Information shown:
┏━━

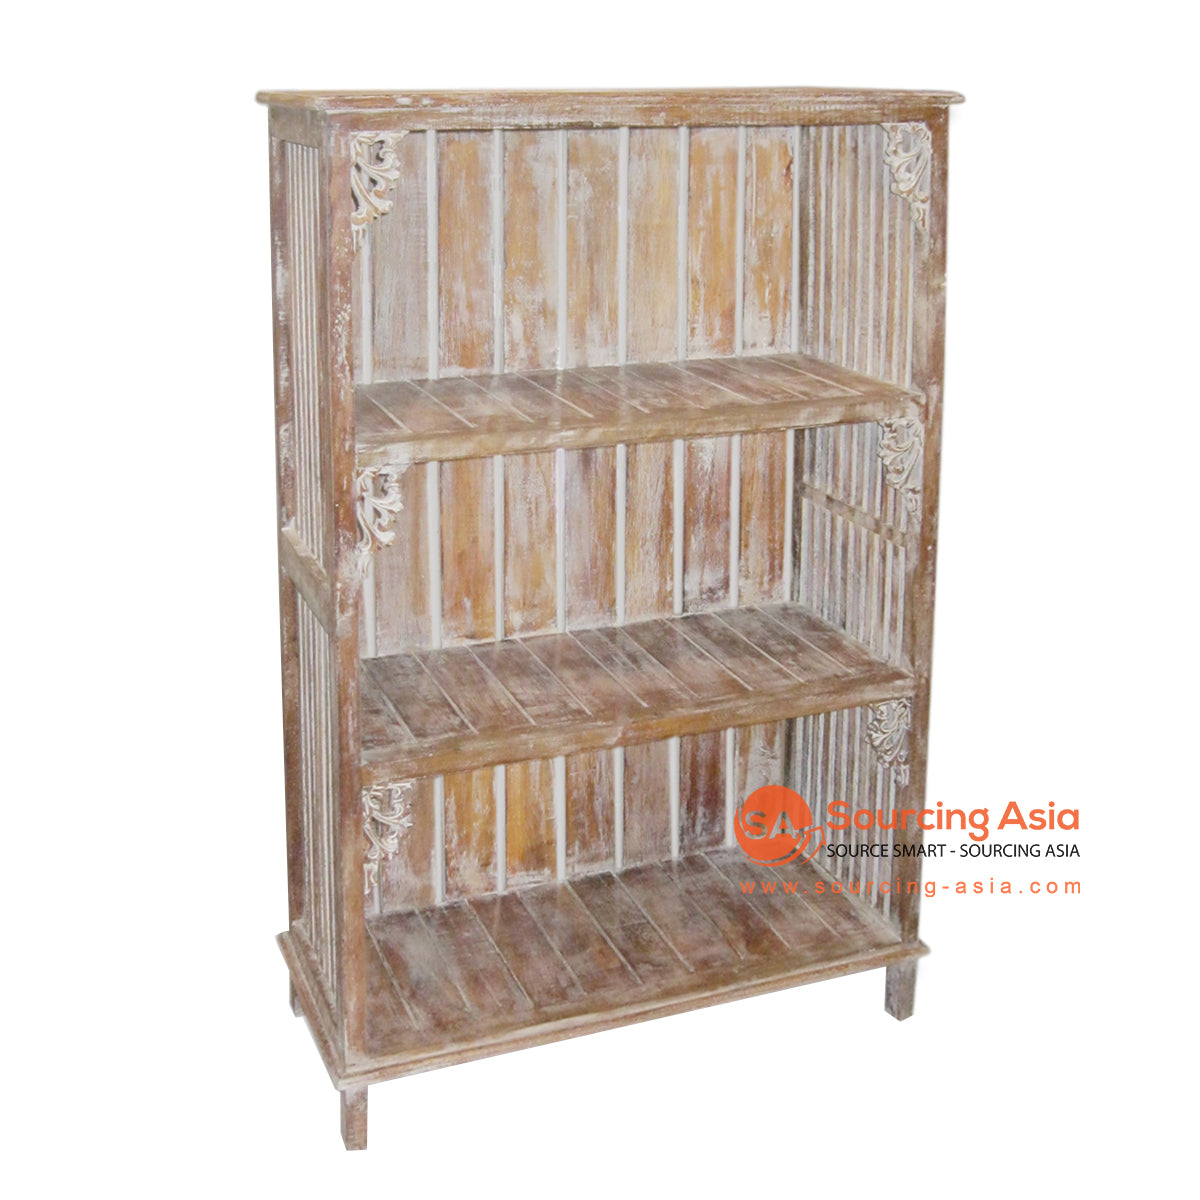 THE079-1 BROWN WASH WOODEN BOOK SHELF WITH THREE SLOTS AND CARVING
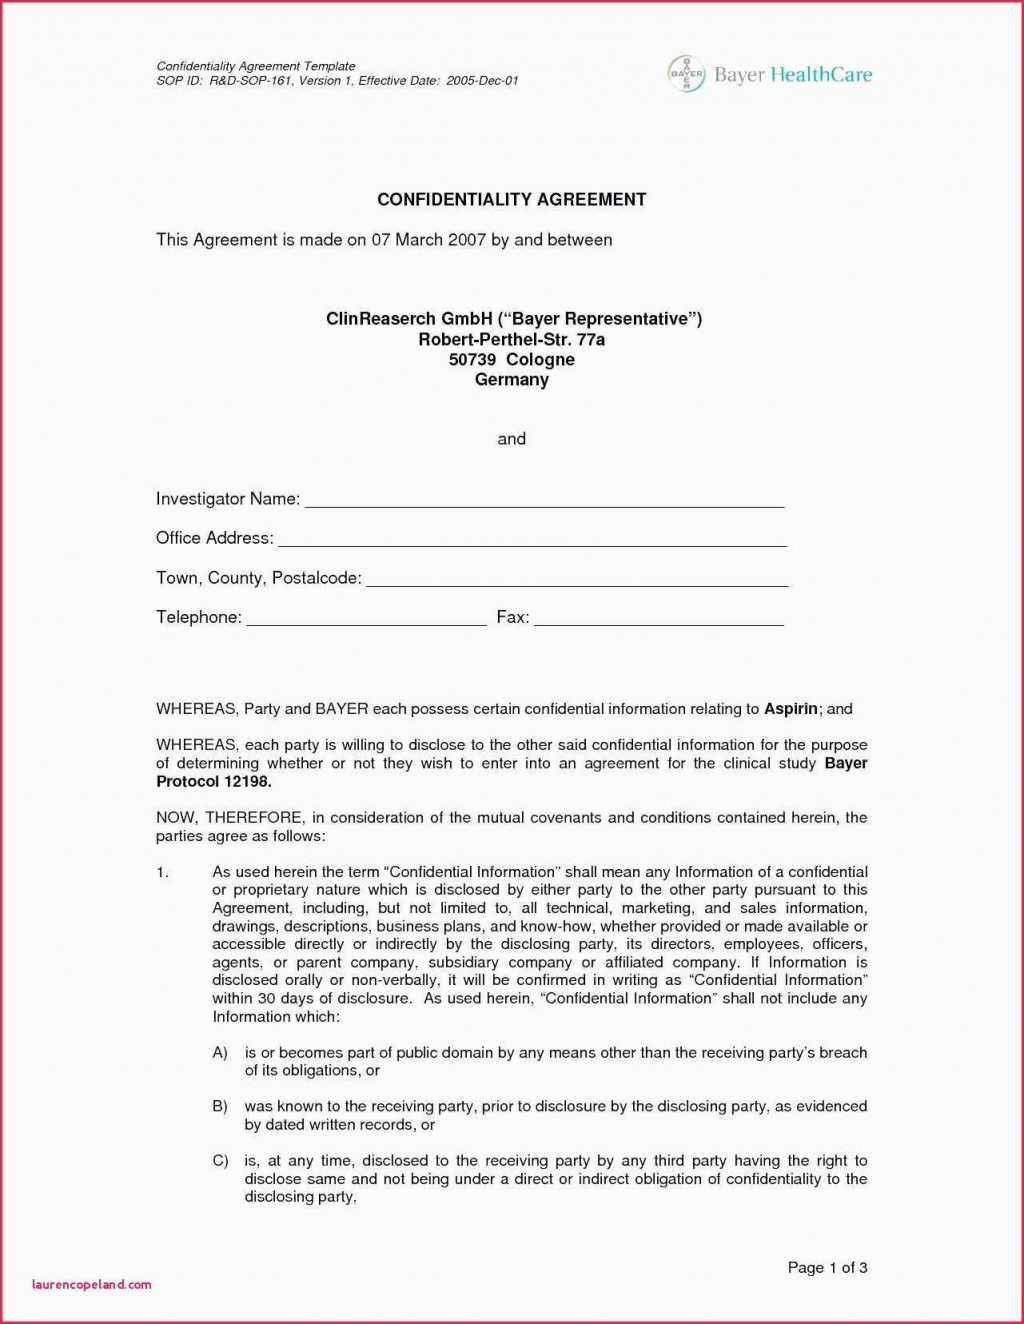 023 Confidentiality Agreement Template Free 20Non20Losure With Regard To Free Confidentiality Agreement Template Download
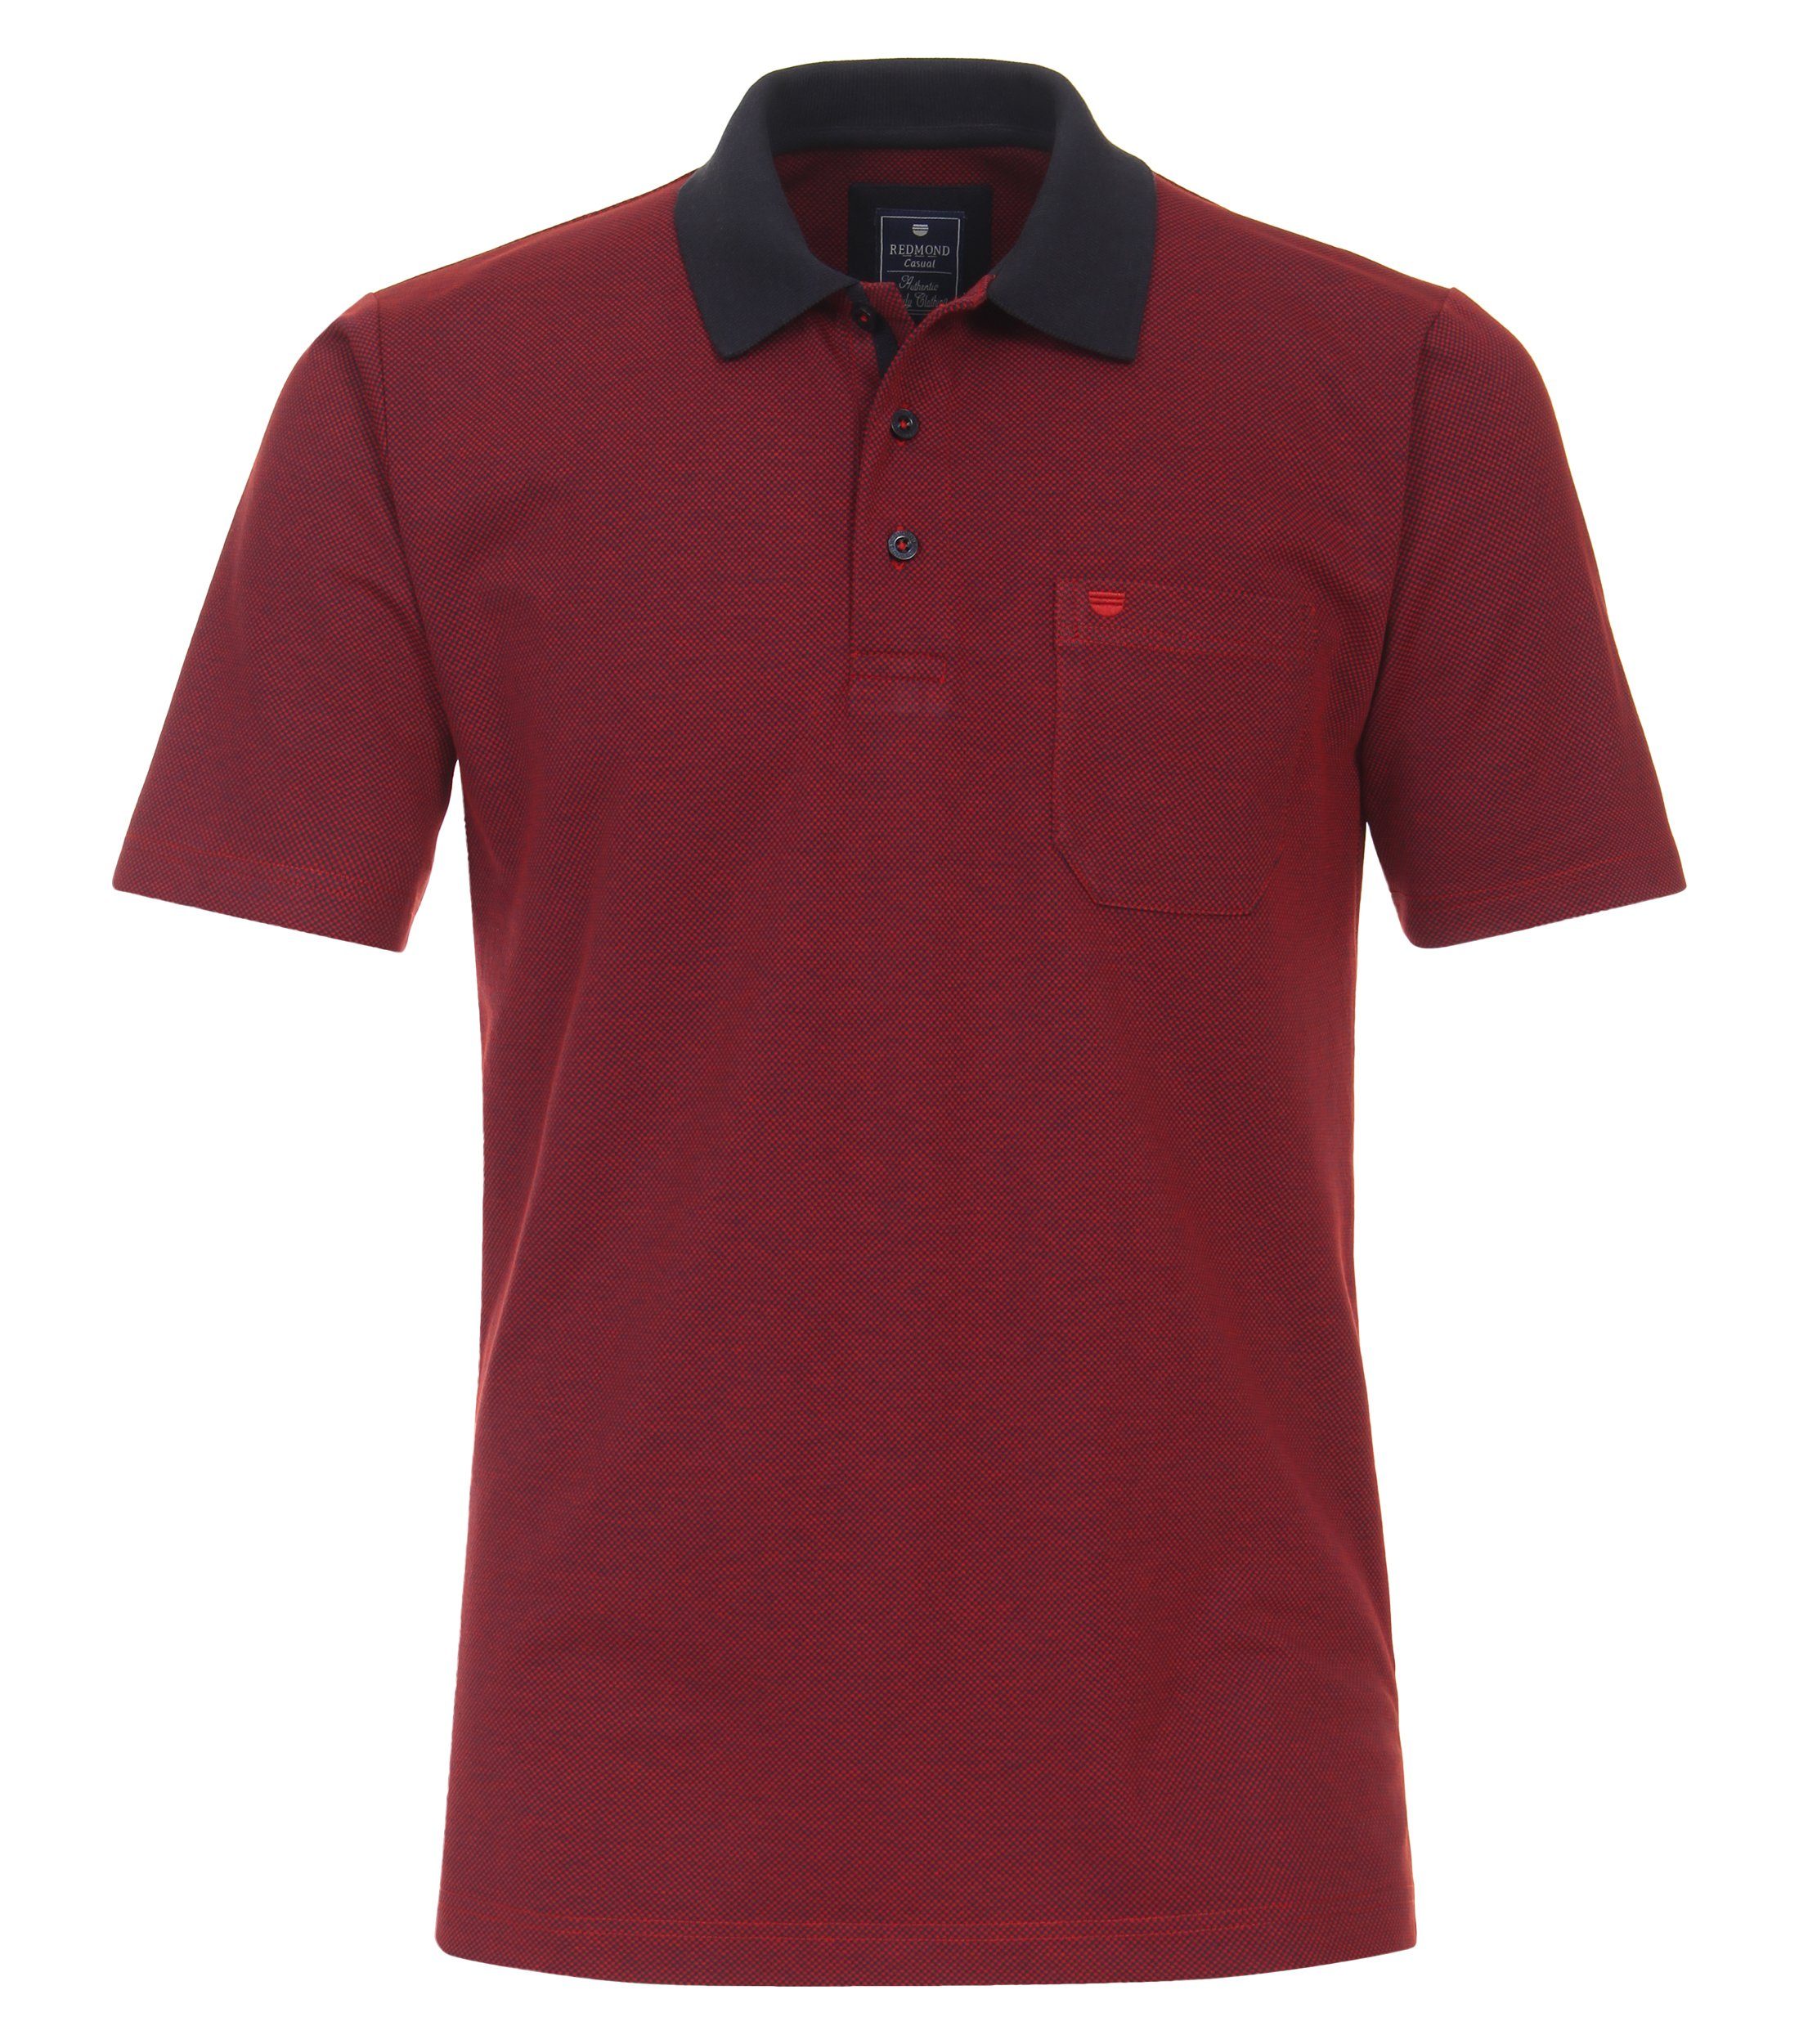 Muster Redmond rot Poloshirt andere 50

┗━━

Work required: Reproduce the entire listing exactly, except for any pictures it contains.

Response to this task:
 THE079-1 BROWN WASH WOODEN BOOK SHELF WITH THREE SLOTS AND CARVING
 023 Confidentiality Agreement Template Free 20Non20Losure With Regard To Free Confidentiality Agreement Template Download
 Muster Redmond rot Poloshirt andere 50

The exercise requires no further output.